BATCH_SIZE_PER_REPLICA = 64
BATCH_SIZE = BATCH_SIZE_PER_REPLICA * strategy.num_replicas_in_sync

In [None]:
print(BATCH_SIZE)

Pixel values, which are 0-255, [have to be normalized to the 0-1 range](https://en.wikipedia.org/wiki/Feature_scaling). Define this scale in a function.

In [None]:
def scale(image, label):
  image = tf.cast(image, tf.float32)
  image /= 255

  return image, label

Apply this function to the training and test data, shuffle the training data, and [batch it for training](https://www.tensorflow.org/api_docs/python/tf/data/Dataset#batch).
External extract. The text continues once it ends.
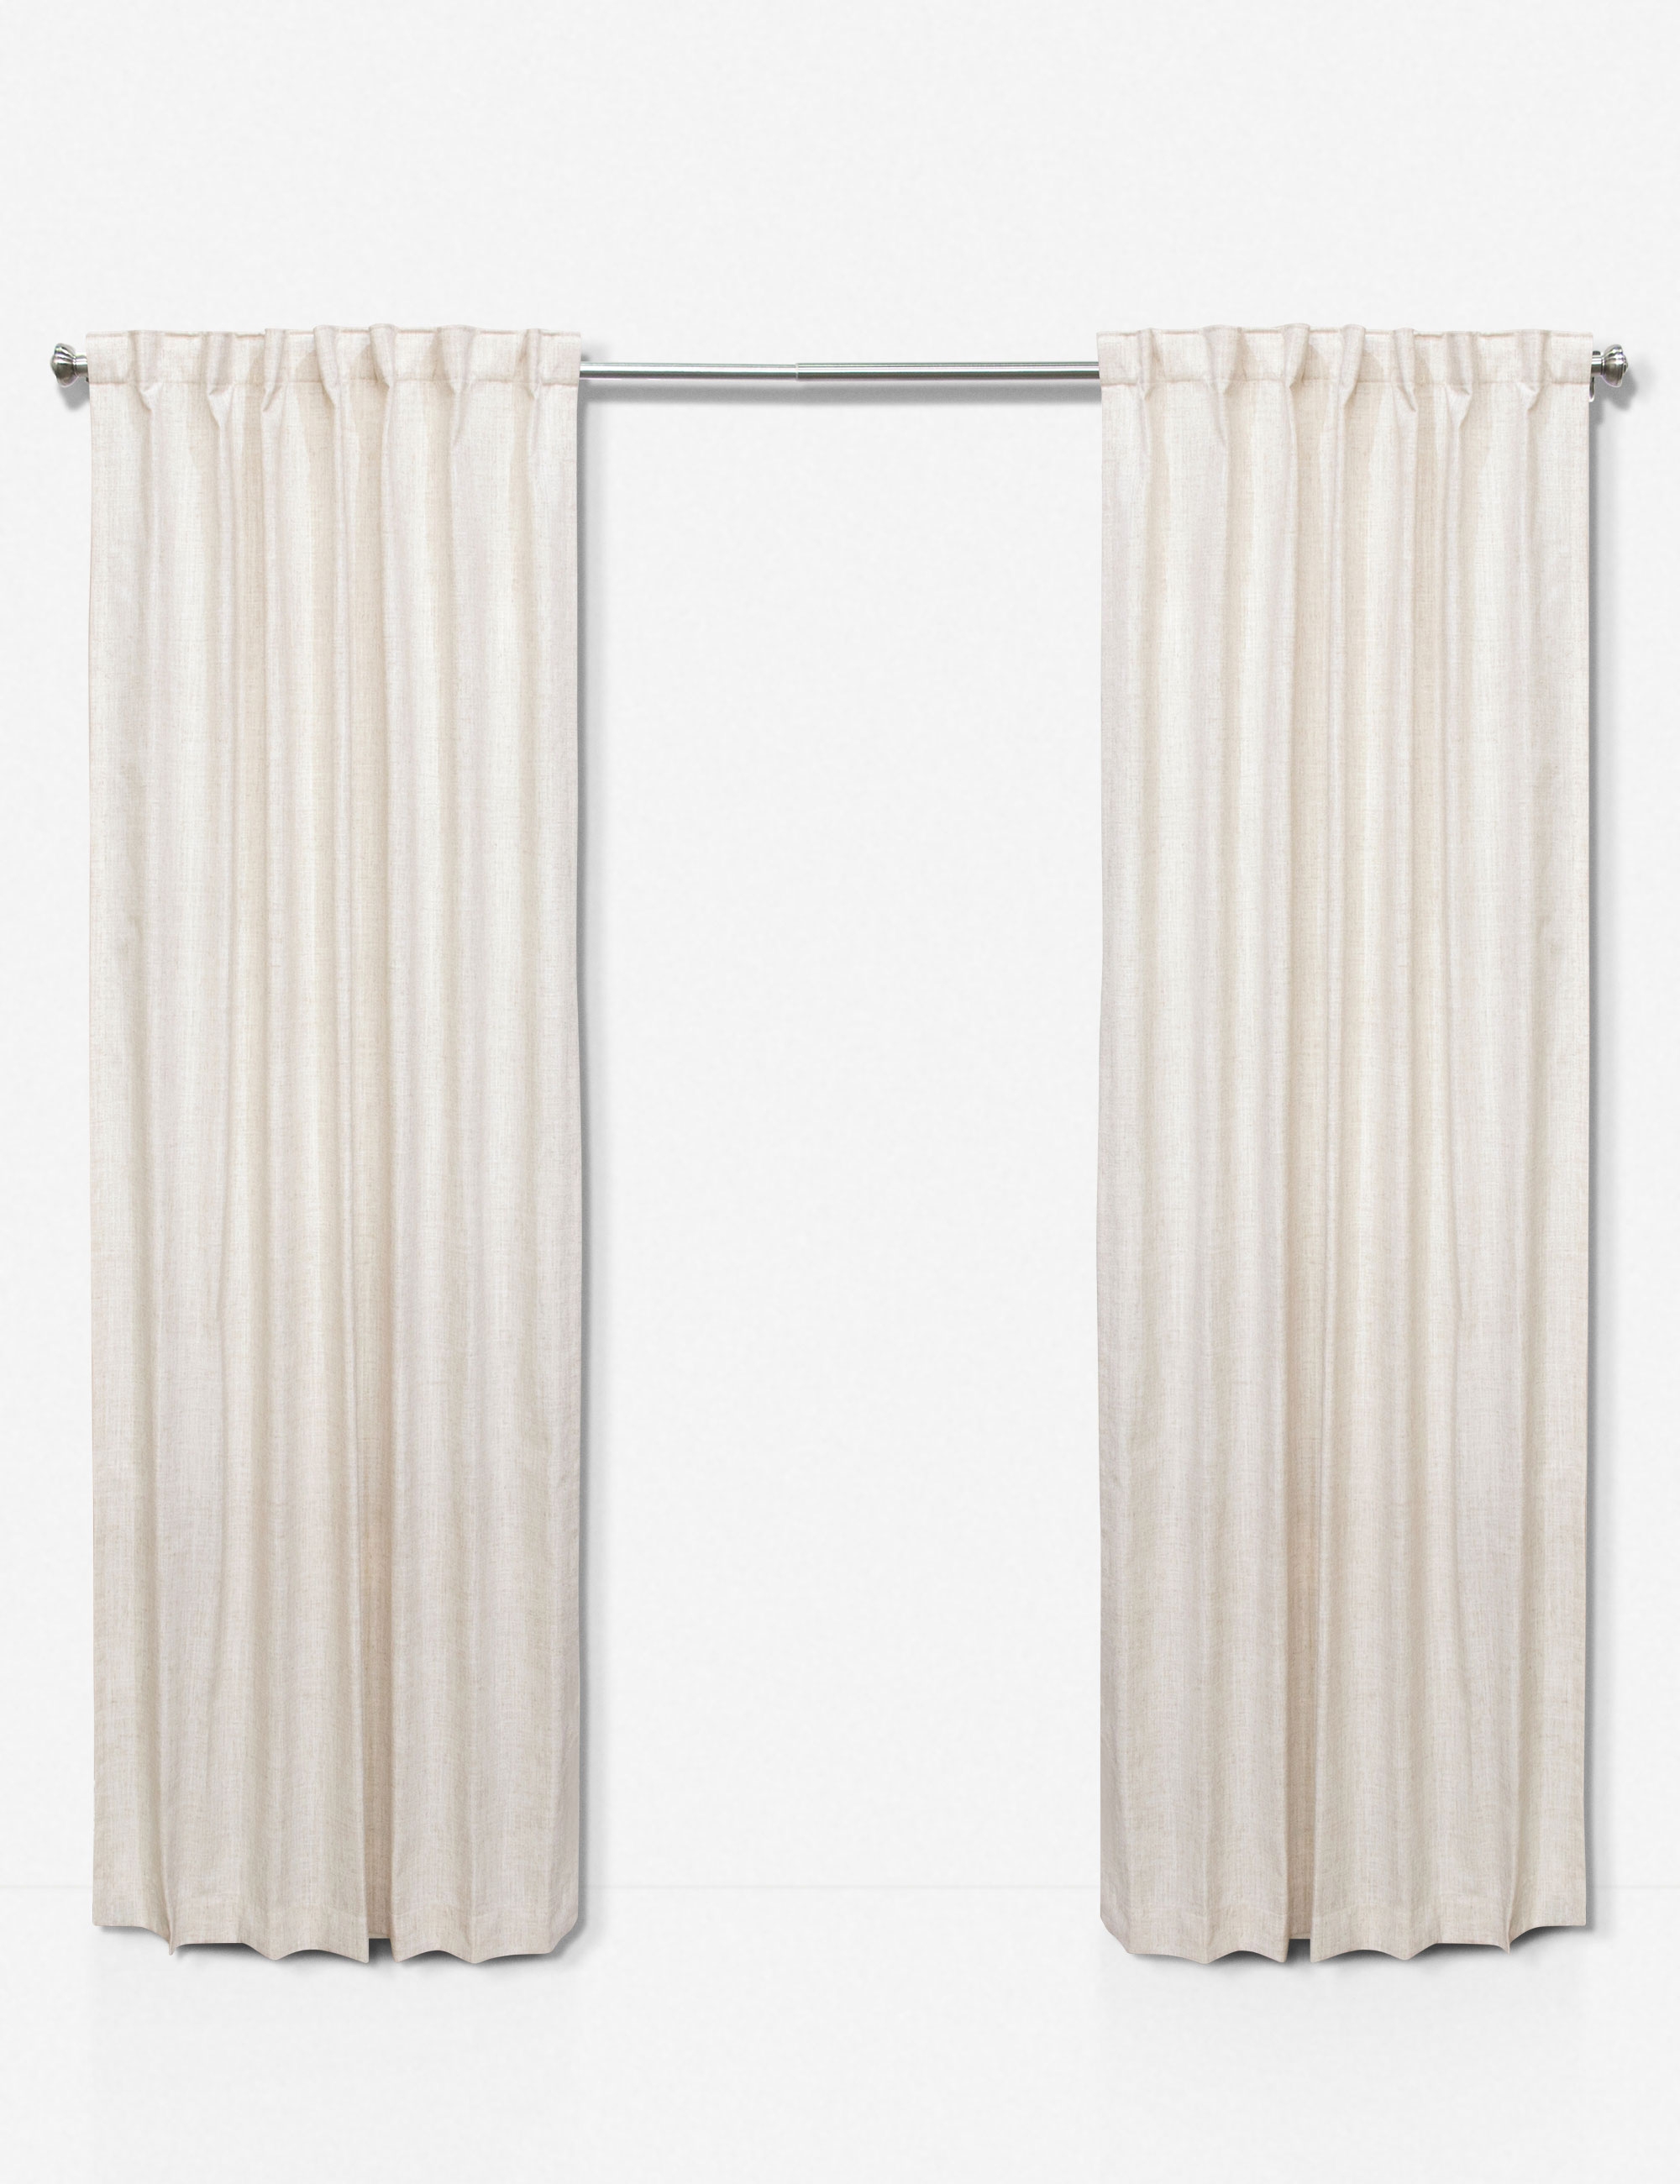 Talc Woven Curtain Panel, 120" x 50" Unlined - Image 5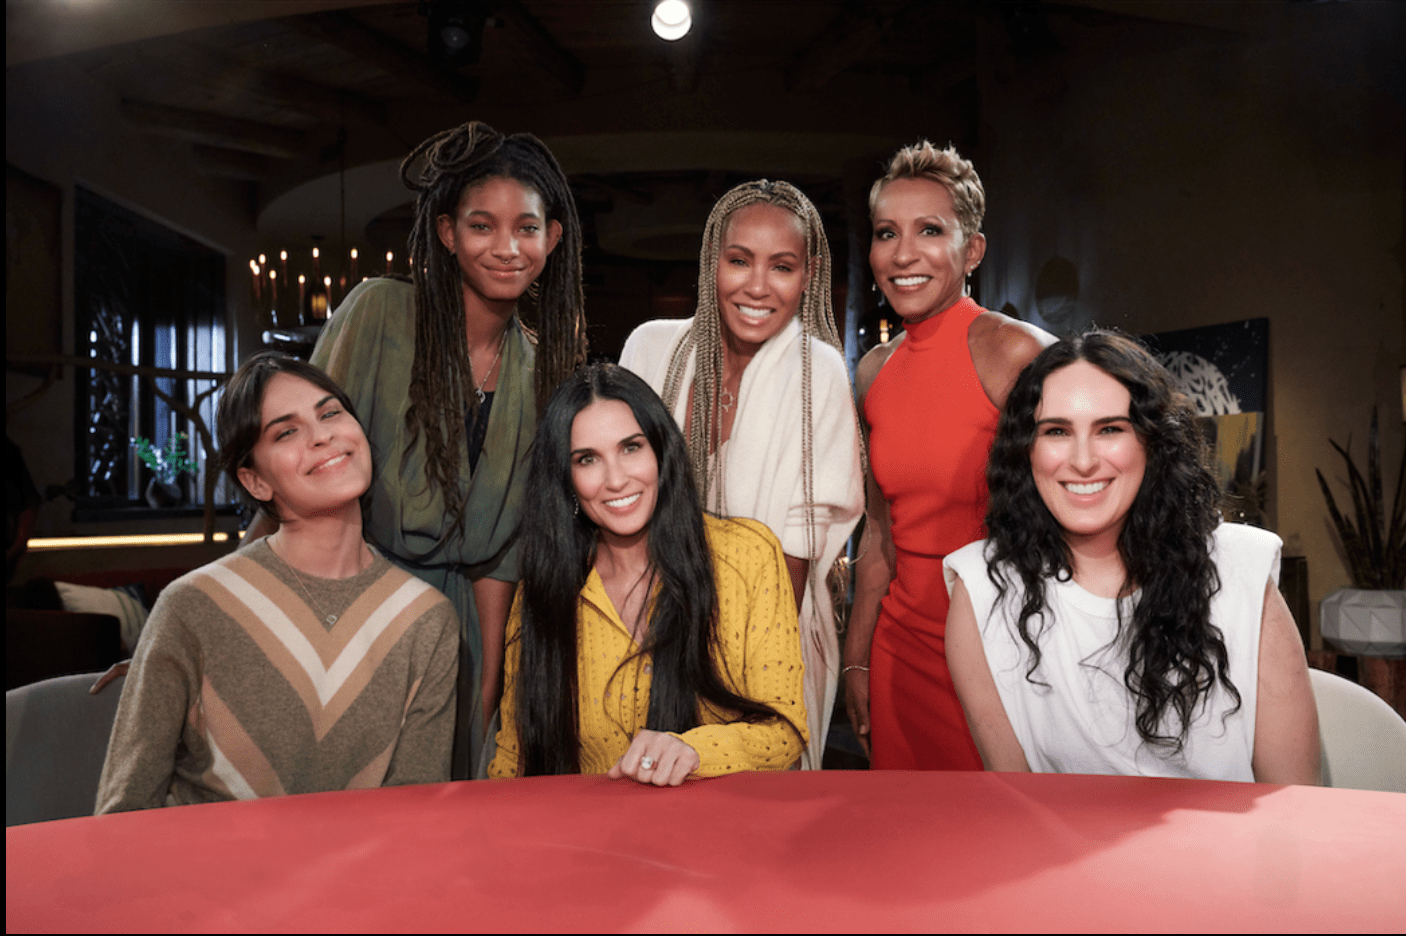 Demi Moore, Rumer Willis and Tallulah Willis join Willow Smith, Jada Pinkett-Smith, and Adrienne Banfield Norris on Red Table Talk

Notice we are also keeping an in-memory cache of the training data to improve performance.


In [None]:
train_dataset = mnist_train.map(scale).cache().shuffle(BUFFER_SIZE).batch(BATCH_SIZE)
eval_dataset = mnist_test.map(scale).batch(BATCH_SIZE)

## Create the model

Create and compile the Keras model in the context of `strategy.scope`.

In [None]:
with strategy.scope():
  model = tf.keras.Sequential([
      tf.keras.layers.Conv2D(32, 3, activation='relu', input_shape=(28, 28, 1)),
      tf.keras.layers.MaxPooling2D(),
      tf.keras.layers.Flatten(),
      tf.keras.layers.Dense(64, activation='relu'),
      tf.keras.layers.Dense(32, activation='relu'),
      tf.keras.layers.Dense(16, activation='relu'),
      tf.keras.layers.Dense(10)
  ])

  model.compile(loss=tf.keras.losses.SparseCategoricalCrossentropy(from_logits=True),
                optimizer=tf.keras.optimizers.Adam(),
                metrics=['accuracy'])

## Define the callbacks


The callbacks used here are:

*   *TensorBoard*: This callback writes a log for TensorBoard which allows you to visualize the graphs.
*   *Model Checkpoint*: This callback saves the model after every epoch.
*   *Learning Rate Scheduler*: Using this callback, you can schedule the learning rate to change after every epoch/batch.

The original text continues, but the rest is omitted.